5. Sometimes it helps to run complicated models first, then when you understand your data well, you can carefully back out a simple analysis that tells the story well. Conversely, after fitting a complicated model, you can sometimes make killer graphs.


  1. Cosma says:

    I confess I was made somewhat cranky by the spin at the end – to paraphrase, don't worry if you don't really understand what you're doing, you can still get away with cookbook regression. Obviously (?) I prefer the simplest and most intuitive method which will actually answer the question; I've just read (and refereed) too many papers where people used linear regression because It Is The Thing To Use, whether substantive assumptions (e.g., linearity!) made sense or not…

  2. Lee Sigelman says:

    Just to be clear: The spin at the end was that of the authors of the analysis, not of the blogger (i.e., me). I expect that on this matter (though apparently not with regard to the way academicians dress), I'm on the same page as Cosma.

  3. LemmusLemmus says:

    I don't think calling it "OLS regression" is a big problem. People are going to assume it is a linear one unless you say otherwise, no? In fact, I don't remember ever having seen a nonlinear OLS regression.

  4. David Kane says:

    Let me steal and second an observation from one of my co-authors, a current statistics Ph.D. student who has worked at both Yahoo and Google:

    I am never seen a real applied example in which fancy machine learning stuff (neural networks, random forests, support vector machines, genetic algorithms and so on) did meaningfully better than a well-designed linear model. Get the variables correct (often hard to do!) and a linear model is all you need.

  5. Andrew says:


    I didn't literally mean that the term "OLS" would mislead people. I just feel that it emphasizes the wrong aspect of the problem, and I could see how this could confuse people, especially students.

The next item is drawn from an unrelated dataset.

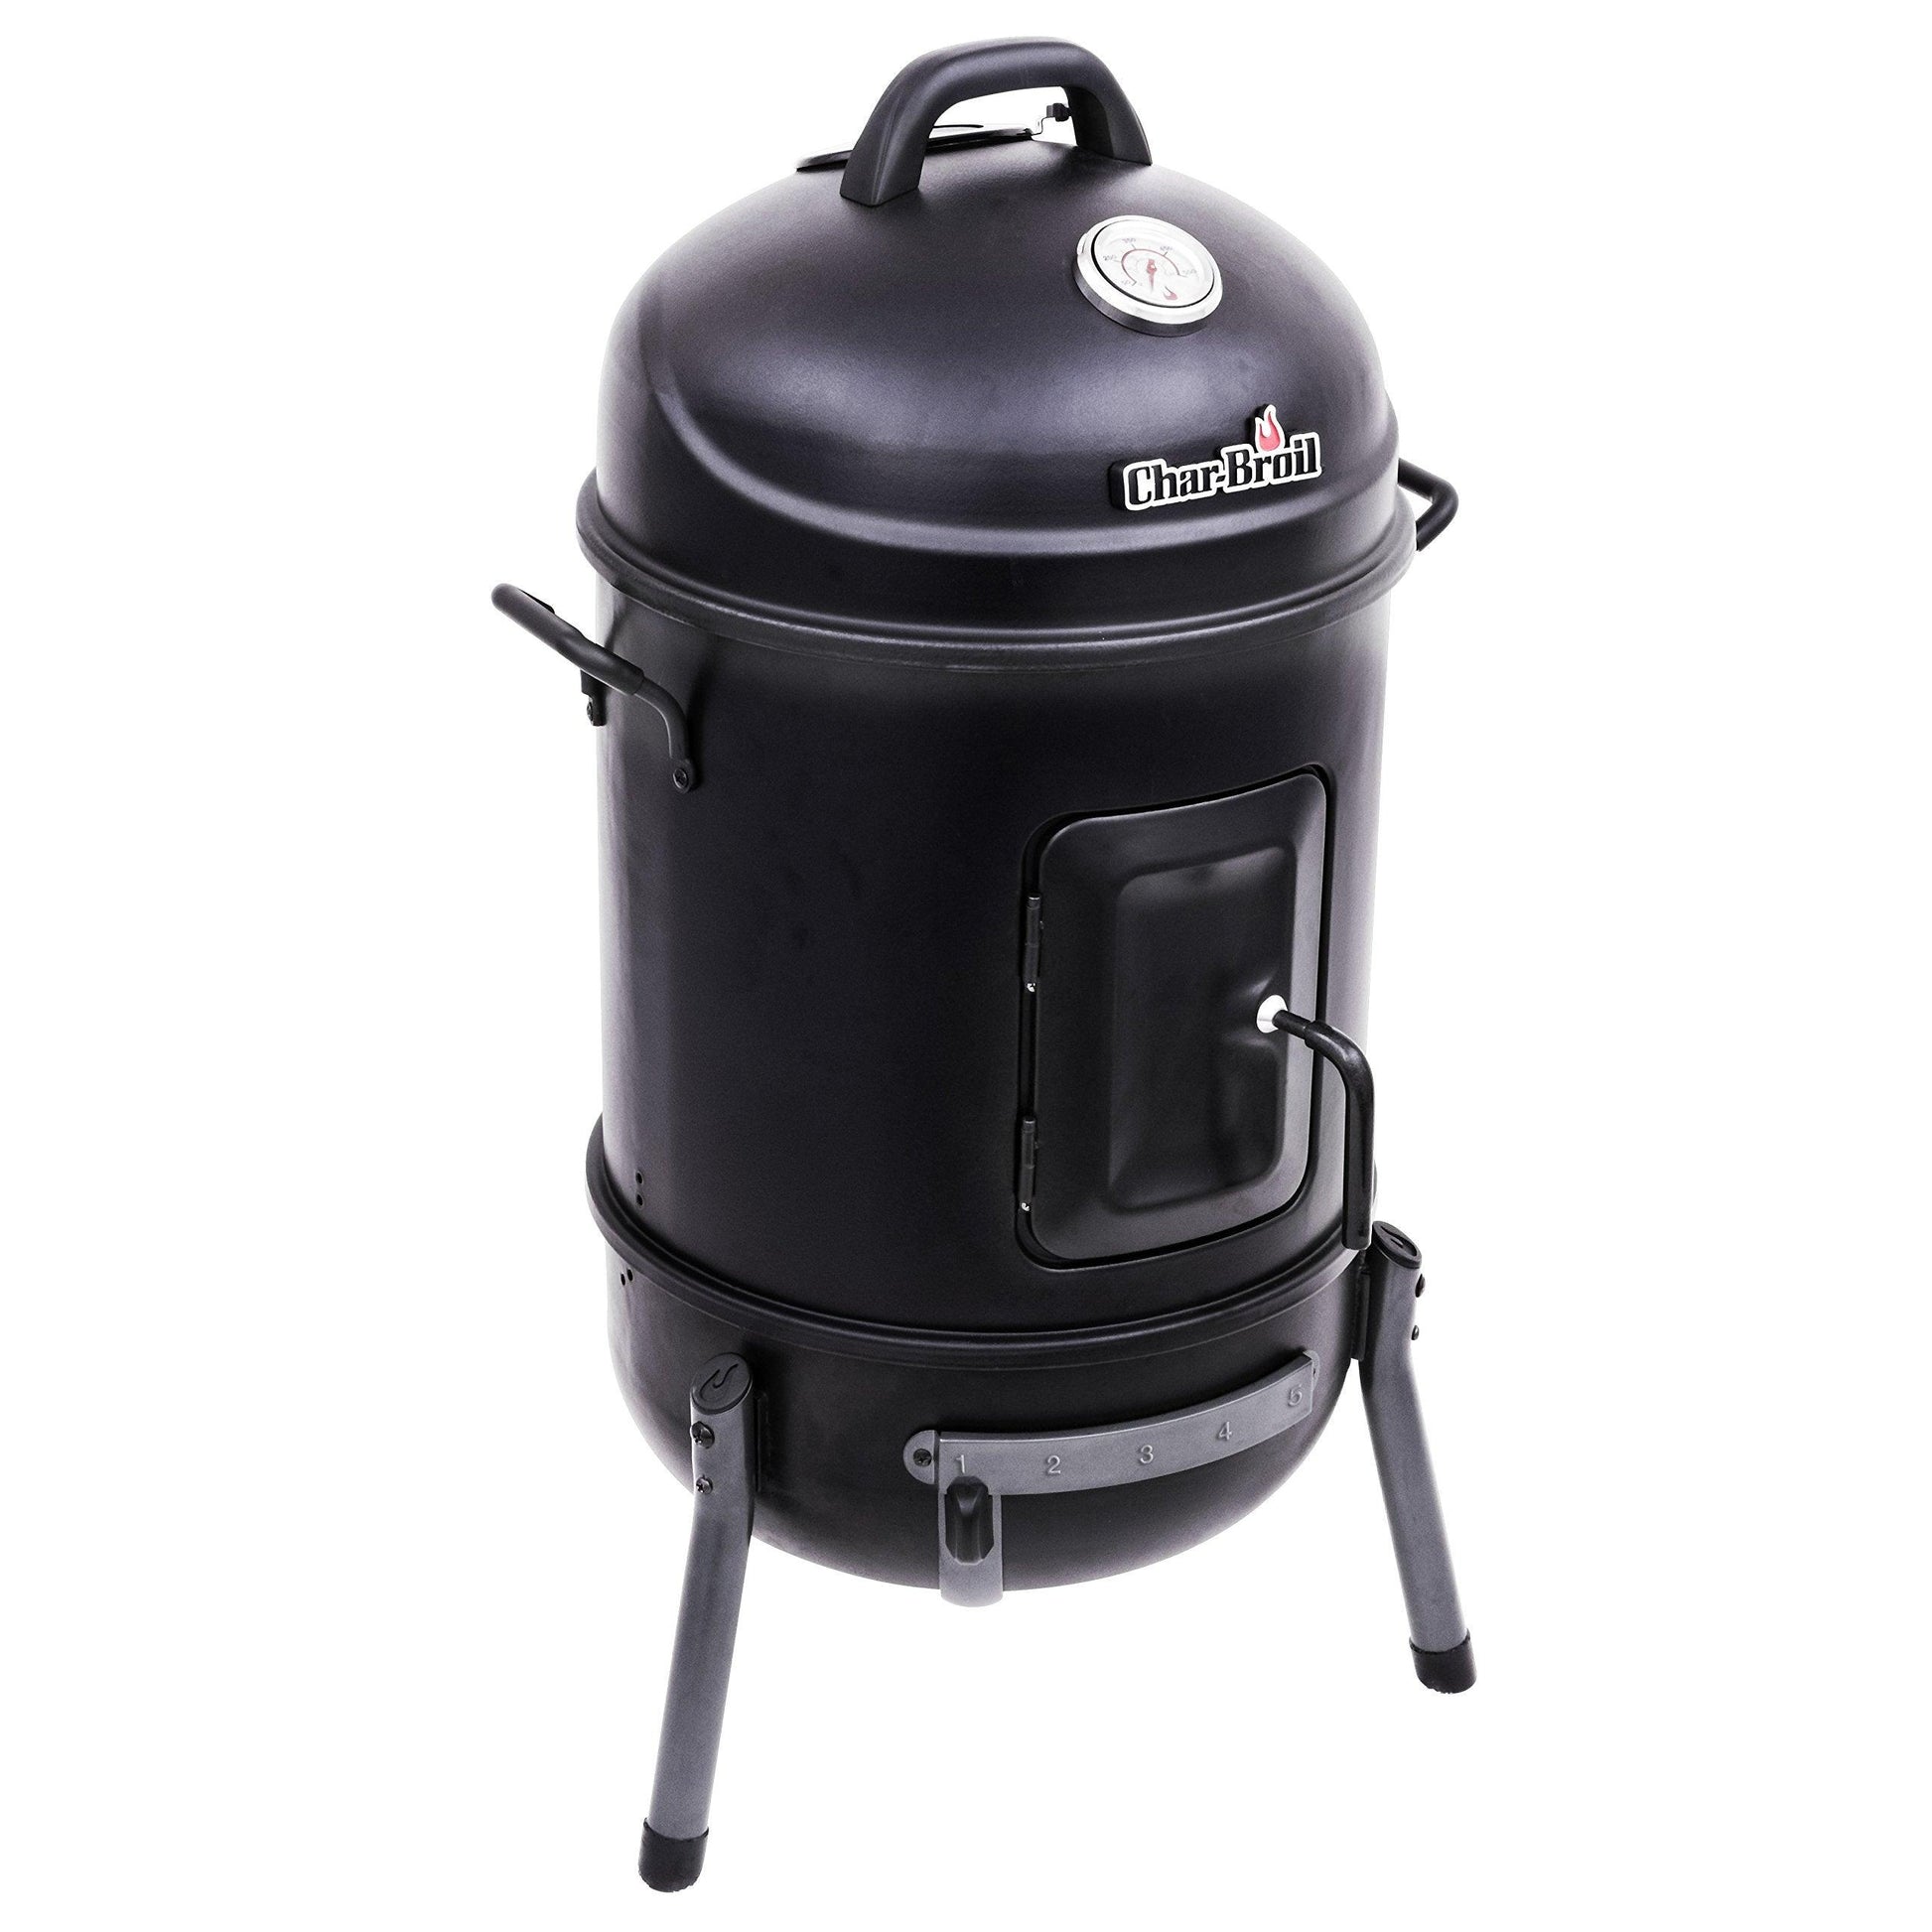 Char-Broil Bullet Charcoal Smoker 16" - 18202075,Black - CookCave

    For example, how do you generalize "OLS"? Add weights, change "least squares" to "least absolute deviation," etc. These are not completely dead ends but they're not the most important issues. Contrariwise, how do you generalize "linear regression"? Obviously, to "nonlinear regression," which I think is a more helpful way to generalize.


    I'm sympathetic to this point, and it's been true most of the time–for example, in my 1990 paper with King, we used a complicated mixture model for votes for congressional candidates, but then by the time we got to our 1994 paper, we'd added incumbency as a predictor and we were able to get rid of the mixture model entirely.

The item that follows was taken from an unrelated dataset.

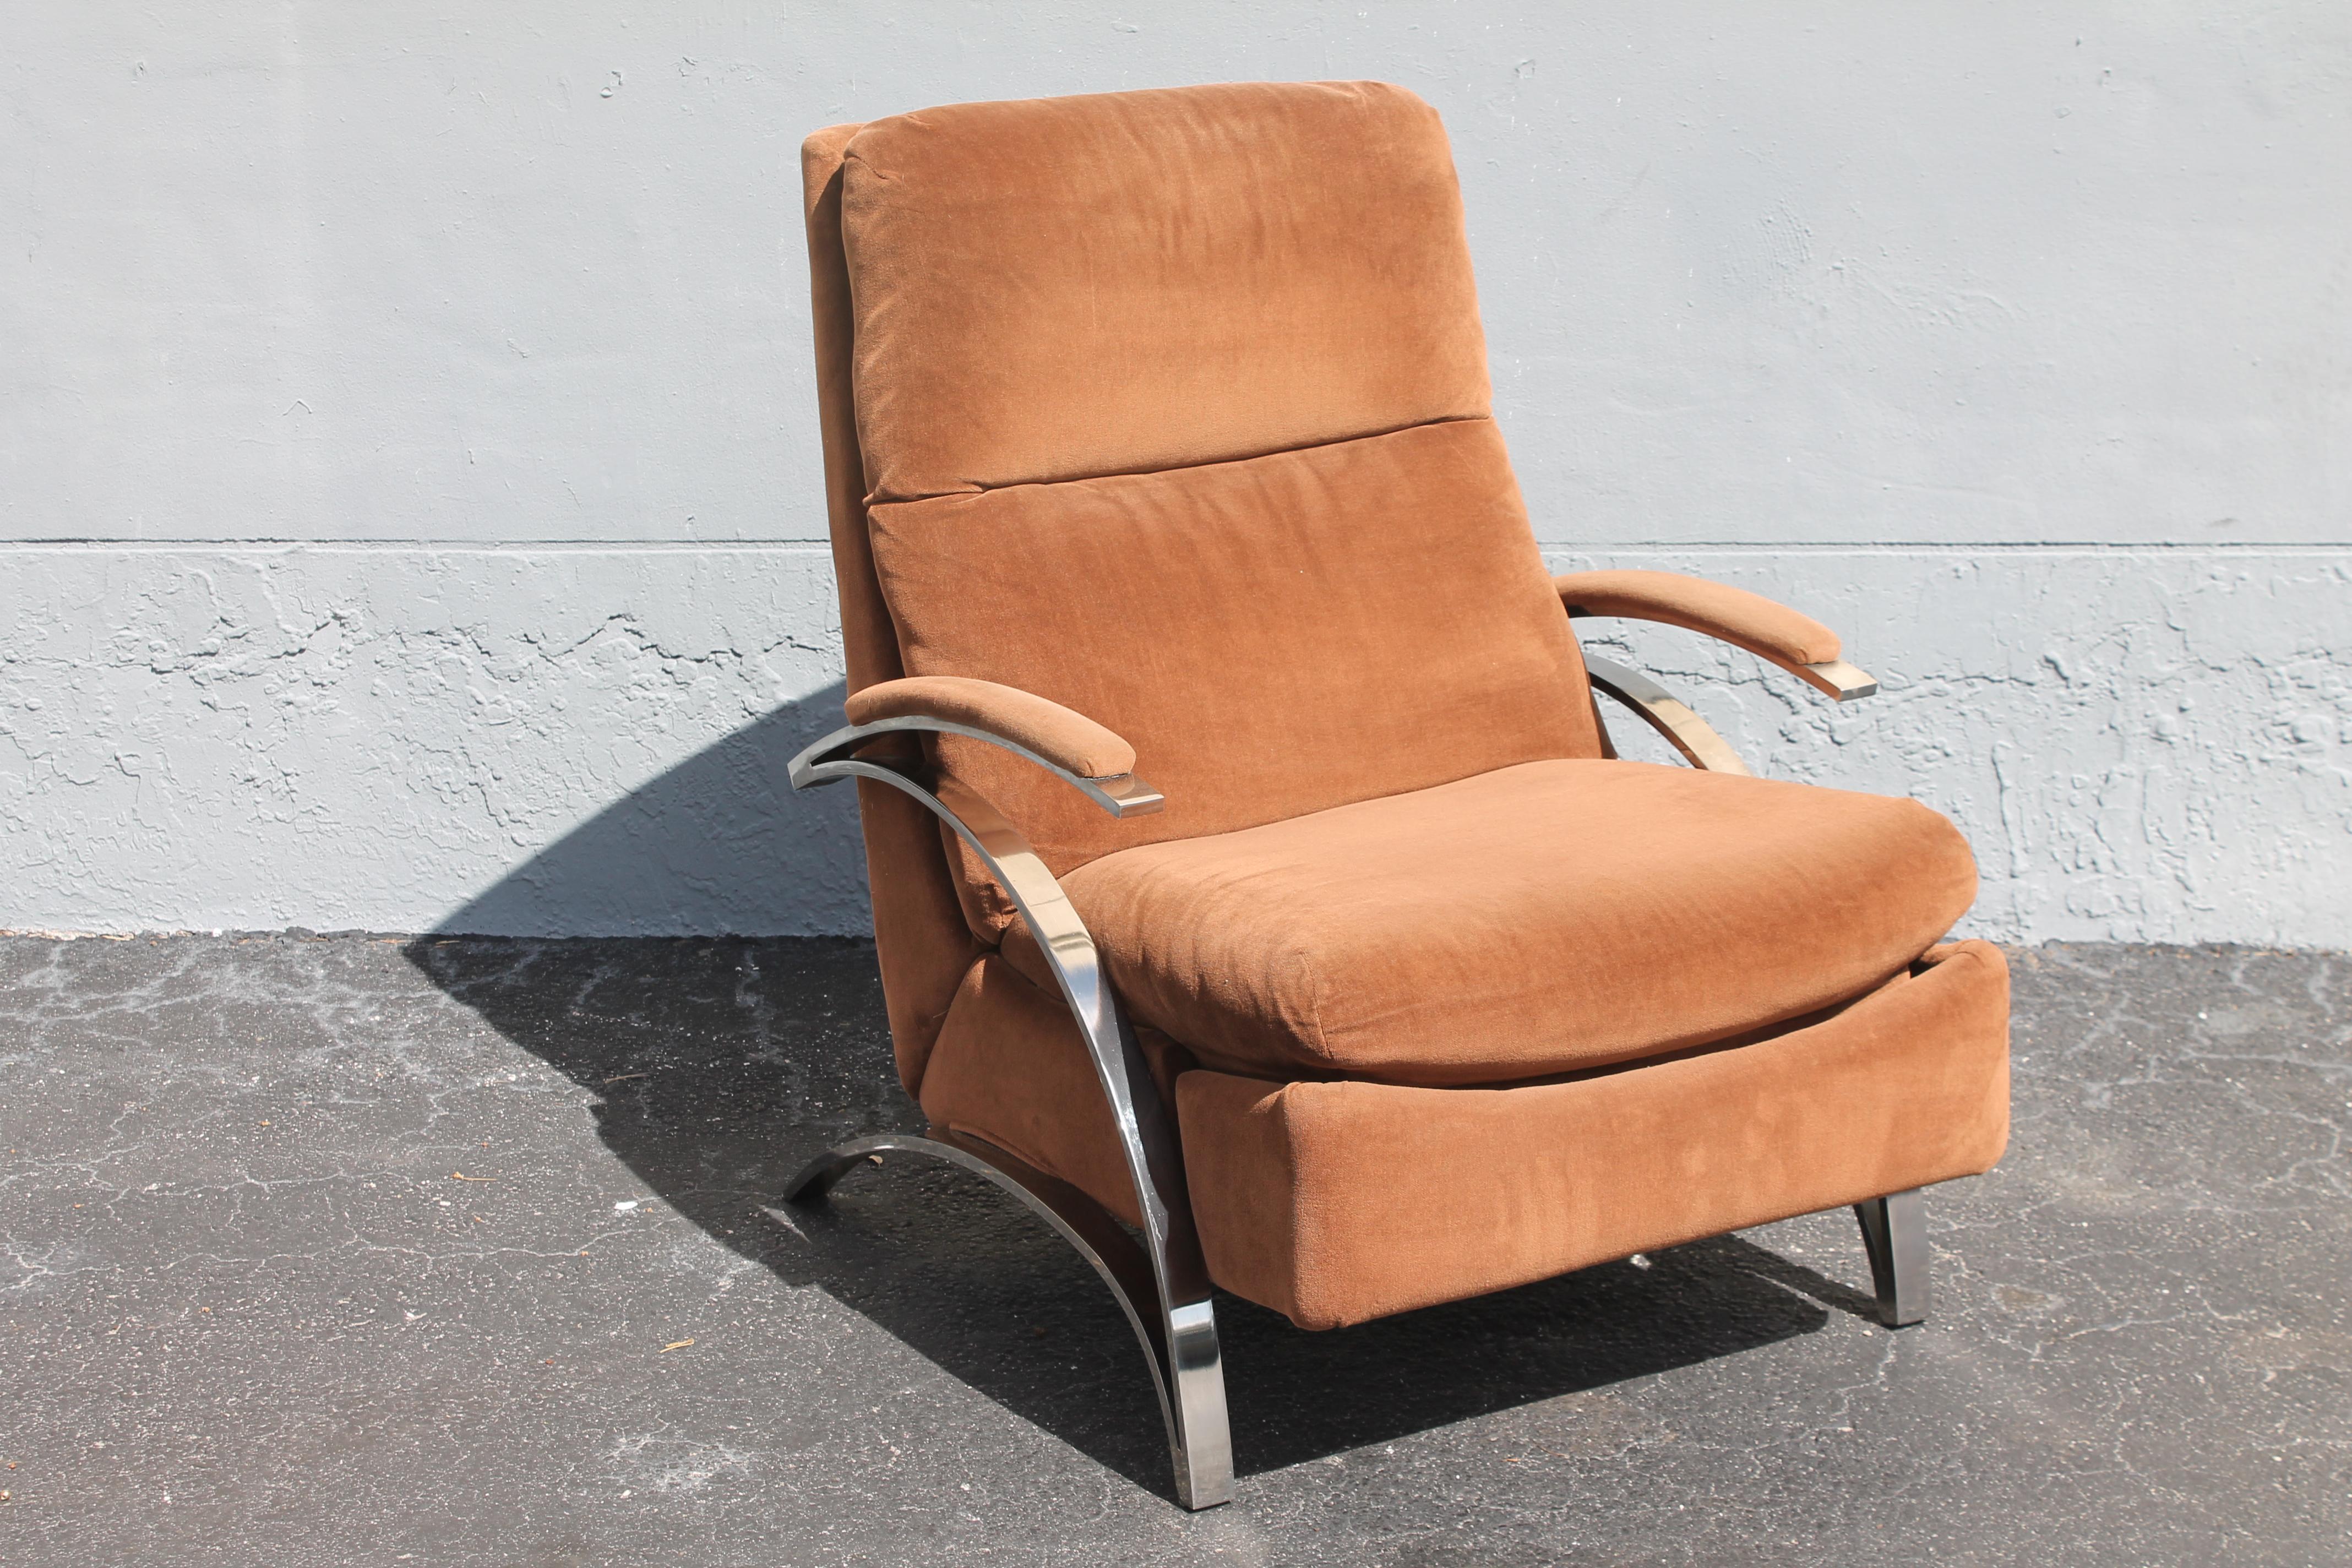 North American 1070's Vintage Plush Brown with Chrome Recliner/ Barcalounger Chair For Sale

    But I wouldn't go as far as your coauthor. I don't know enough about machine learning to comment, but I've certainly found the need for fancy nonlinear models at times, for example in my 1996 paper with Bois and Jiang on toxicology. And I have to assume that those machine learning people know what they're doing too! Finally, Jennifer certainly claims that George and McCulloch's BART works better than the standard procedures for causal inference in observational studies with many predictors.

  6. kio says:

    Scatter plots and linear regression are a fundament of hard sciences. Assessment of independent acts of measurements leards directly to plots and fitting lines. I would say that results of linear regression provide our basic understanding of the physical world pattern. In fact – all fudamental laws are linear regressions between measrued and predicted values.

    For the processes evolving over time, however, linear regression is not so helpful. There are two opportunities:
    1. there is no true link between studied variables. Then linear regression may lead to erroneous conclusion on the presence of some link. Cointegration helps, but no saves here.

    2. There is a long-term equilibrium link between these variables. Then regression is inferior to integral approach. Cumulative values, where uncorrelated noise cancels itself out, provide much higher resolution for models since are charaterized by higher S/N ratio.
    COintegration test are very dangerous when applied to real (physics-like) links because differentiation severely diminishes S/N ratio.

  7. ti says:

    i've used a negative binomial regression, is it still useful to do a scatter plot and a regression line. or does the graph not fit to the binomial regression?